● Data for this exercise
+++

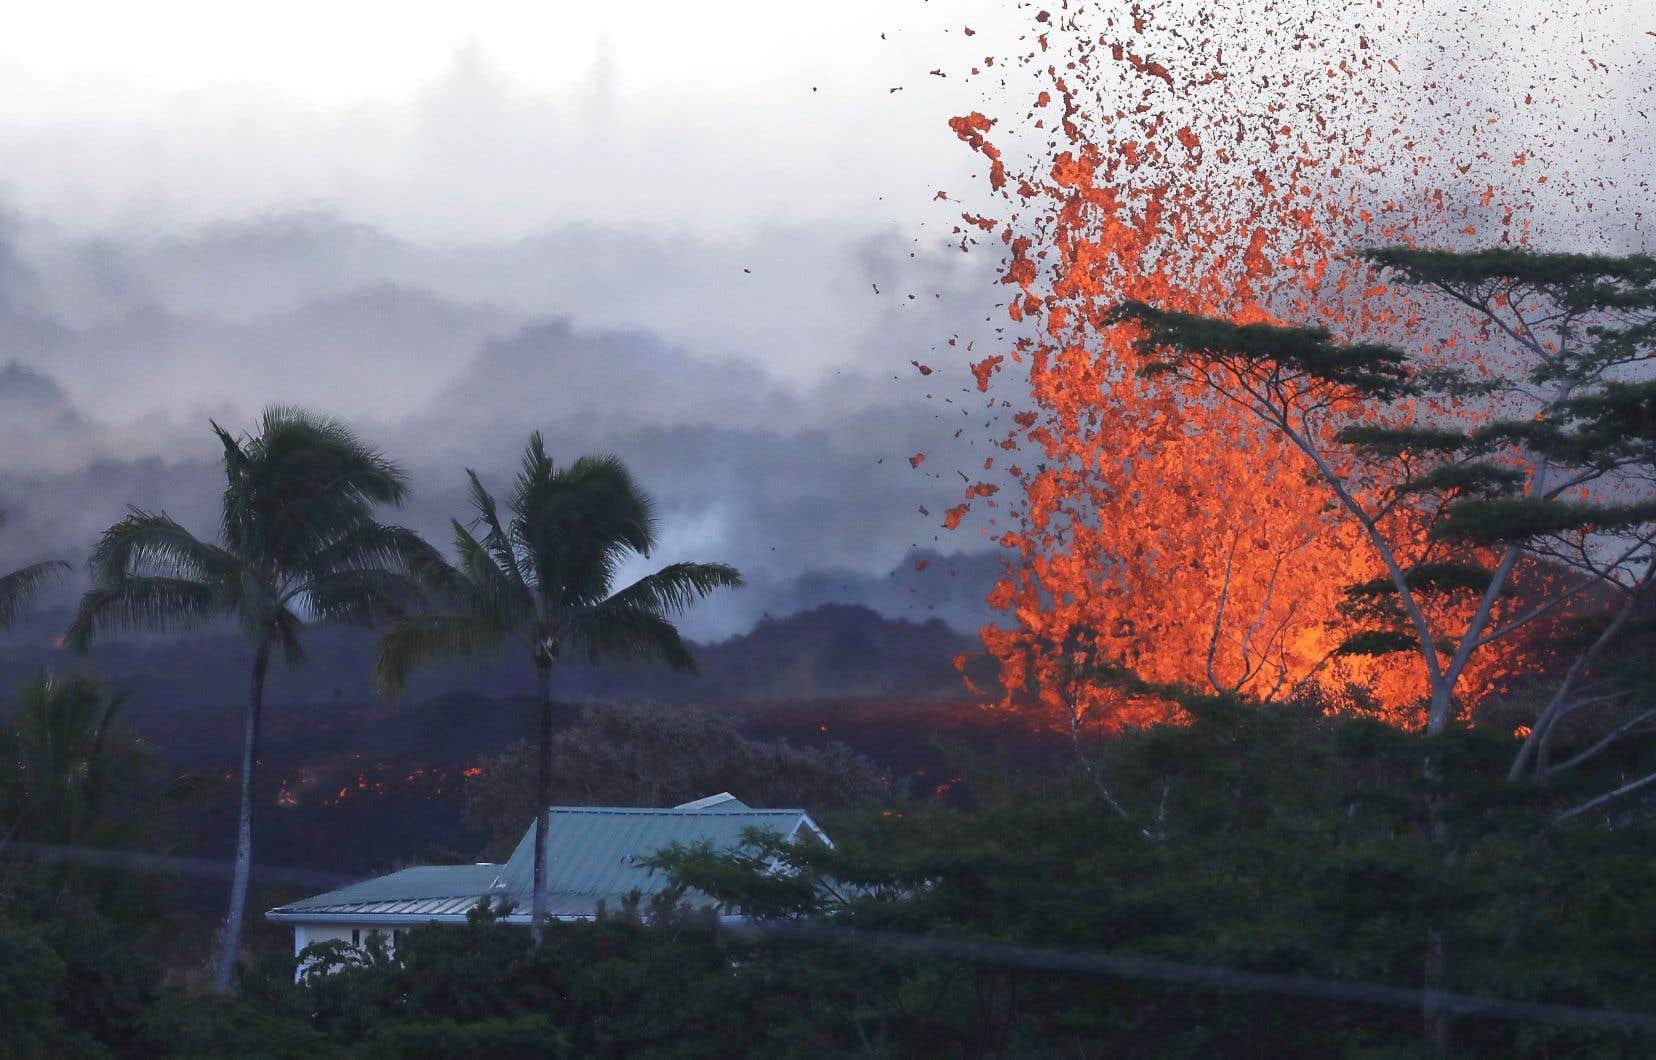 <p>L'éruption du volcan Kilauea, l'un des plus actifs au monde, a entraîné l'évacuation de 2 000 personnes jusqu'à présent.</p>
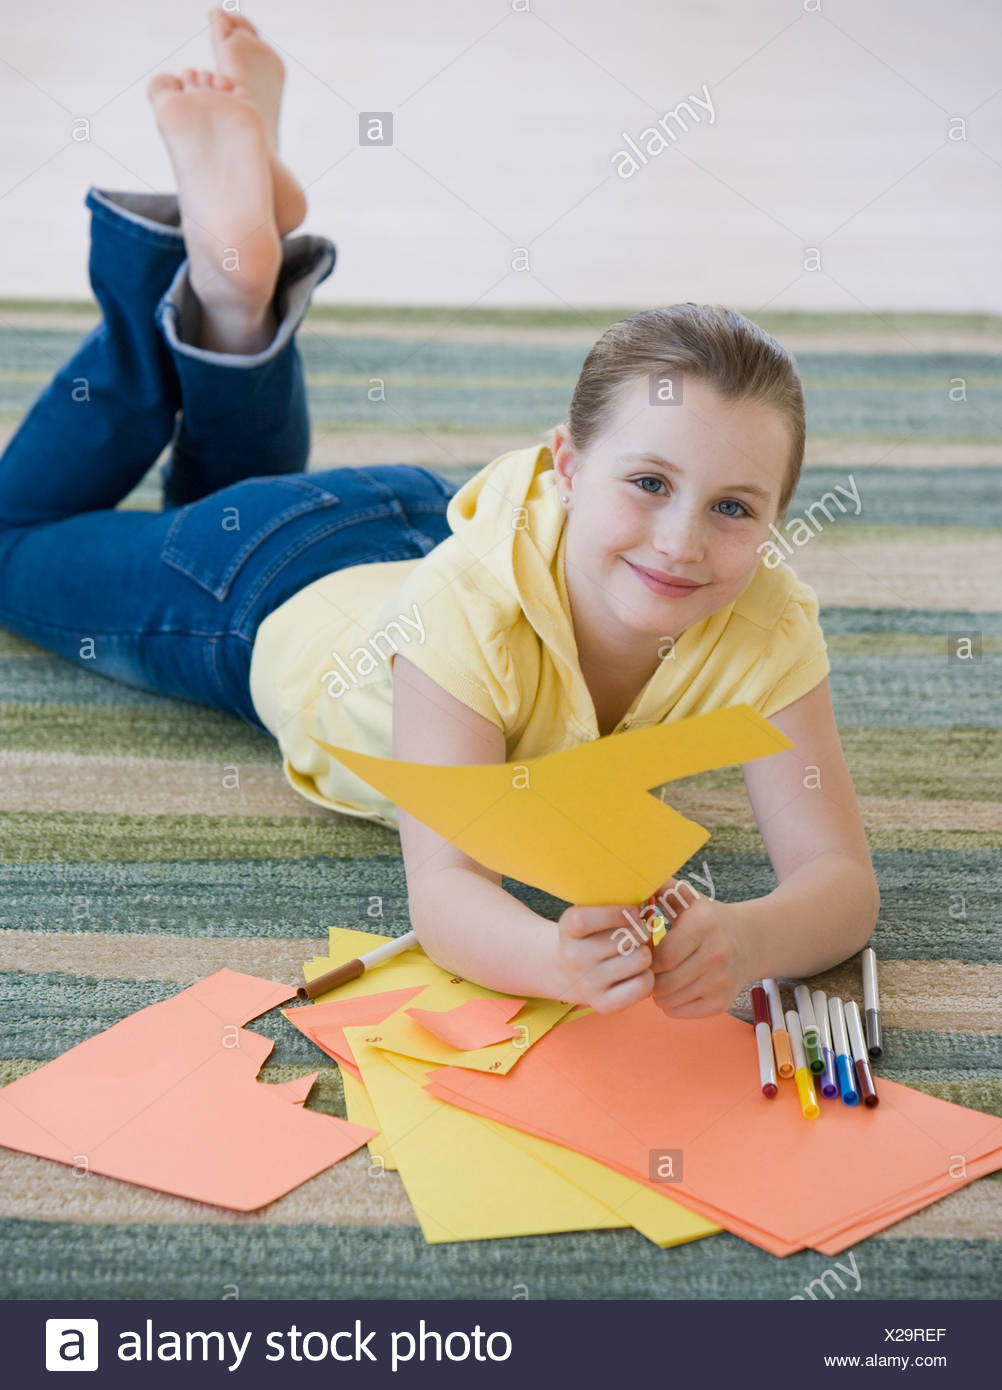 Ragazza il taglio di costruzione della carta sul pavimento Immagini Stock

+++

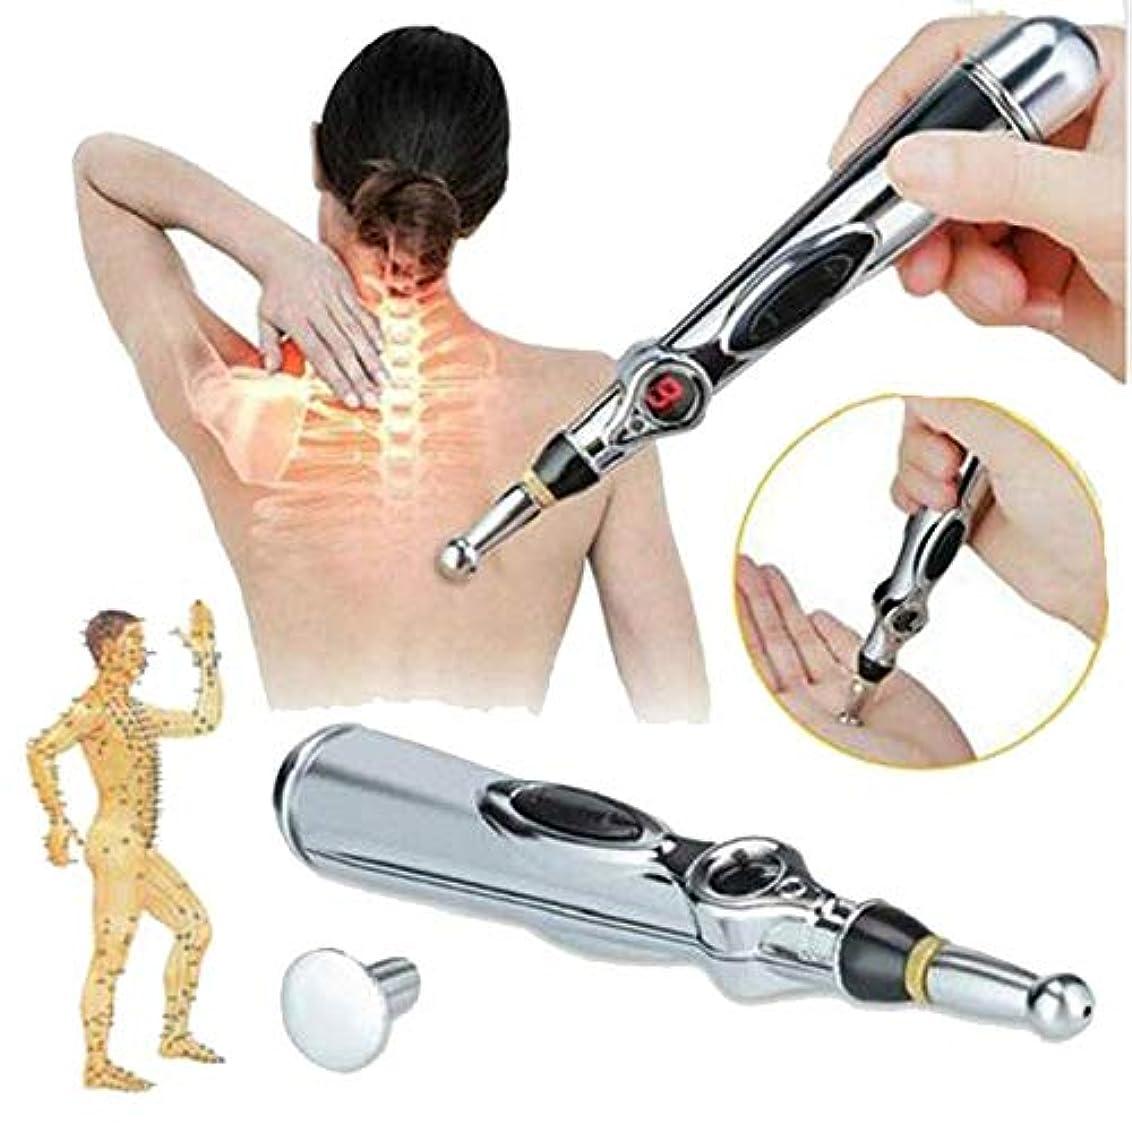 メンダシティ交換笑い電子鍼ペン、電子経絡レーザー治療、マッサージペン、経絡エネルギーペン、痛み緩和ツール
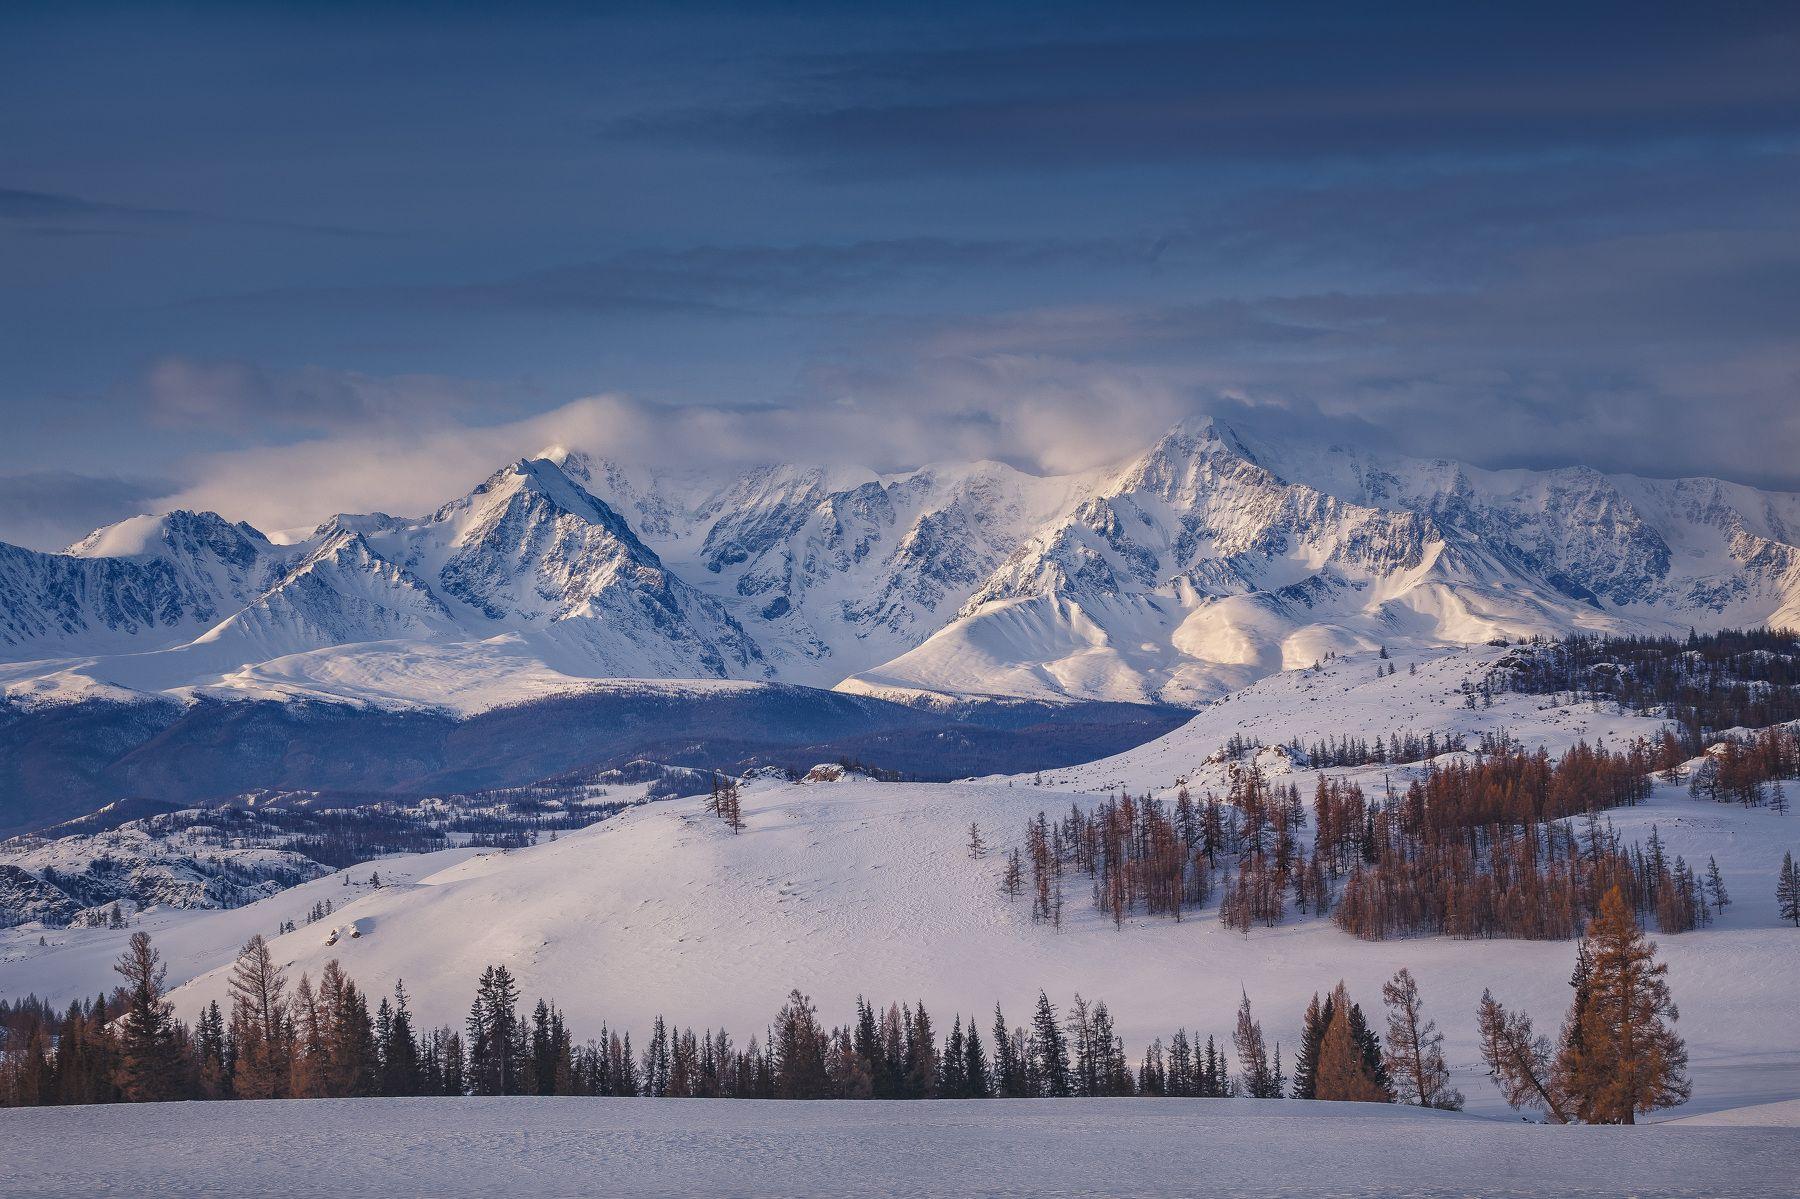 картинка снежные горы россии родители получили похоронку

+++

● Brief
Your answer must be everything above from the line with "<p>L'éruption du volcan" down to the line with "Ragazza il taglio", word for word, and no pictures.

● Answer section
 <p>L'éruption du volcan Kilauea, l'un des plus actifs au monde, a entraîné l'évacuation de 2 000 personnes jusqu'à présent.</p>
 Ragazza il taglio di costruzione della carta sul pavimento Immagini Stock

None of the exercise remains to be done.